Cervicovaginal Immune Responses to 3 Deltoid or Thigh Intramuscular (IM) TicoVac

NCT ID: NCT01710189

Last Updated: 2018-08-03

Basic Information

• Recruitment Status: COMPLETED
• Clinical Phase: PHASE4
• Total Enrollment: 40 participants
• Study Classification: INTERVENTIONAL
• Study Start Date: 2012-10-31
• Study Completion Date: 2014-10-31

Brief Summary

Many viral infections of global importance, including HIV, are transmitted across the mucosal surface of the genital tract. As immunity against these infections is likely to be primarily mediated by antibodies in mucosal secretions, developing techniques to increase the levels and persistence of antiviral antibody on mucosal surfaces may enhance the protection against a number of important infections. Preclinical studies have anatomically targeted vaccine antigens to sites where genital tract immunity is induced. This response is likely due to the ability of regional lymph Preclinical studies have anatomically targeted vaccine antigens to sites where genital tract immunity is induced. This response is likely due to the ability of regional lymph nodes to "pattern" the cell surface markers of responding vaccine specific lymphocytes with homing markers. In contrast, injecting a distant muscle (such as in the arm) which shares no anatomical relationship with the vagina, may not pattern cells with homing markers for the genital tract. Direct injection of inguinal lymph nodes is impractical in humans but intramuscular injection into the thigh will target antigens to the deep inguinal lymph nodes shared in common with the cervix/vagina.
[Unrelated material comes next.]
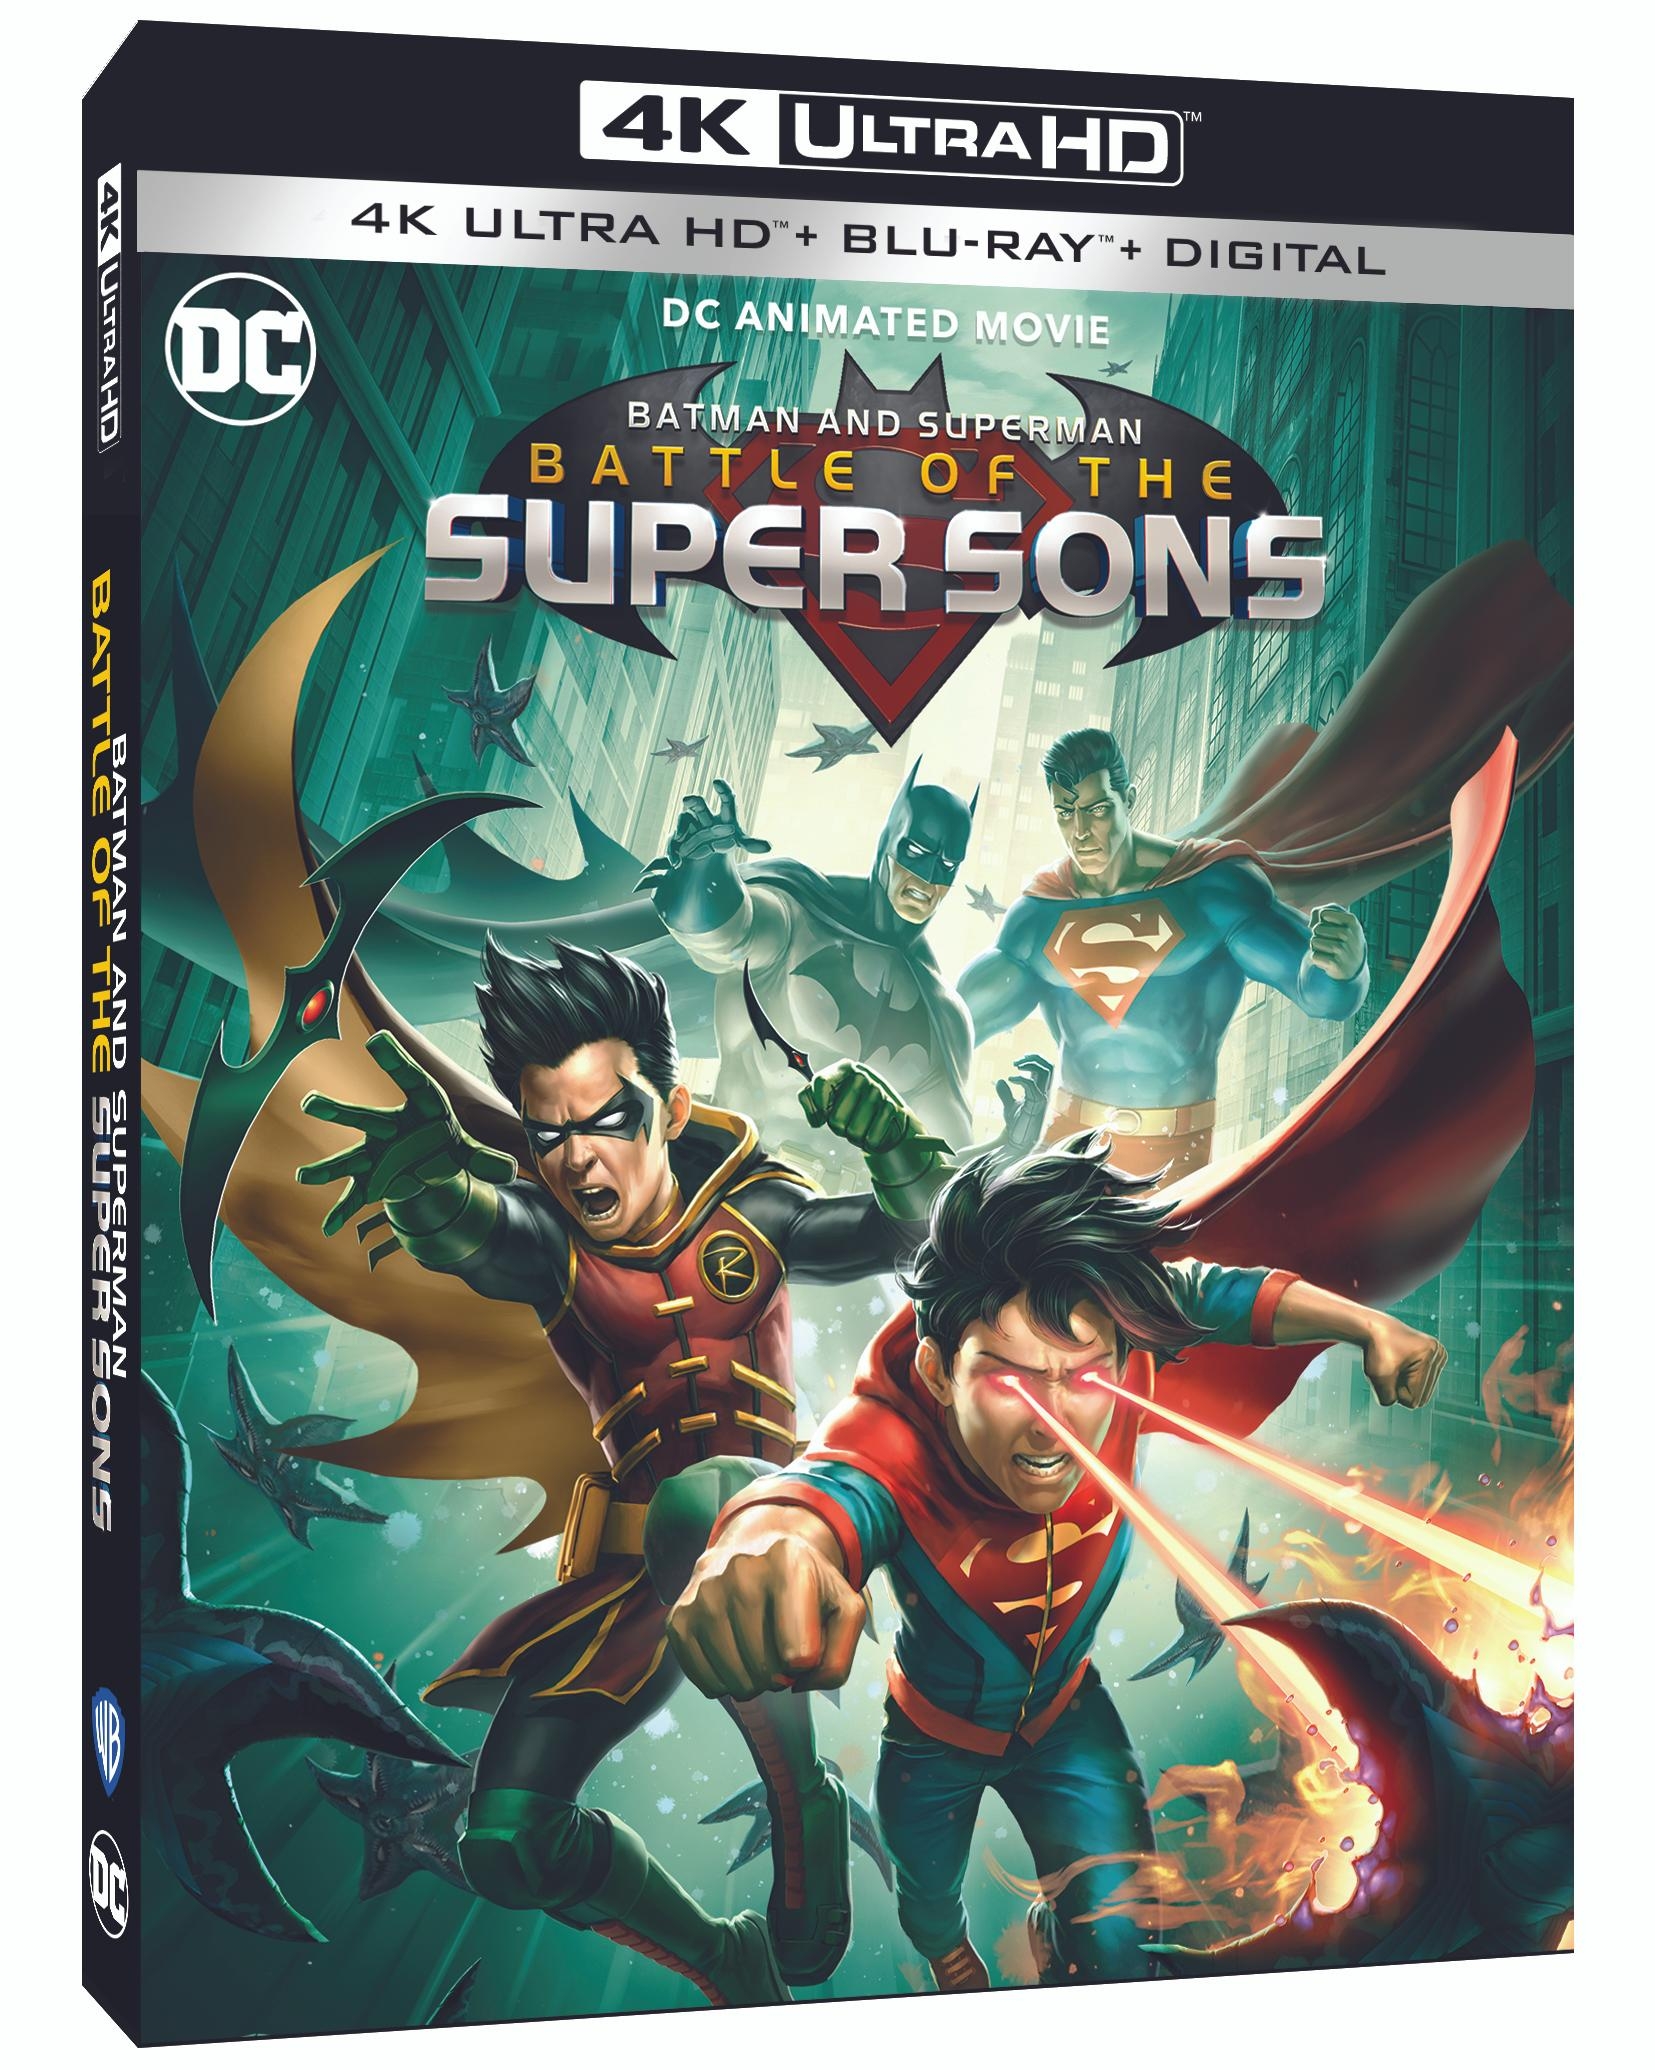 BATMAN AND SUPERMAN: BATTLE OF THE SUPER SONS Arrives on 4K Ultra HD,  Blu-ray & Digital October 18

This study will be a Phase IV randomised, single centre, open label, laboratory assessment blinded exploratory trial to assess mucosal immunogenicity following three targeted intramuscular immunisations with TicoVac vaccine. 20 subjects will be randomised to each of2 groups immunised in right deltoid or right anterolateral thigh.

Following an initial screening visit subjects will be immunised at 0, 1 and 6 months. There will be follow up visits 5 days after each immunisation and a final visit at 7 months. Blood samples and cervicovaginal secretions will be taken prior to each immunisation for immunological measures. In addition, blood samples will be taken at each immunisation and follow up visit for measurement of peripheral blood mononuclear cells.

The study is funded by ADITEC, which is a collaborative research programme that aims to accelerate the development of novel and powerful immunisation technologies for the next generation of human vaccines.

Detailed Description

The study will investigate whether targeting vaccine antigens to lymph nodes (internal iliac) which drain both the lower limb and the cervix/vagina alters the subsequent antibody response detected in the cervix/vagina, when compared with targeting vaccine antigens to unrelated lymph nodes such as those in the axilla that drain the right deltoid muscle of upper arm.

The right arm has been specifically selected as lymphatics in the right upper part of the body drains directly into the blood stream via the right lymphatic duct with no shared lymphatic connections to the rest of the body. In contrast lymph from the rest of the body ultimately drains into the thoracic duct (see figure below). By immunising the right arm the investigators can be sure that vaccine antigens and antigen presenting cells and activated lymphocytes will not pass through any lymph nodes in common with the cervix or vagina. In contrast by injecting the anterolateral thigh (right side selected for uniformity) the investigators can be sure that vaccine antigens will pass through the external inguinal lymph nodes which will also receive antigens and lymphocytes responding to vaginal or cervical infection or inflammation. The choice of right leg is just to standardise.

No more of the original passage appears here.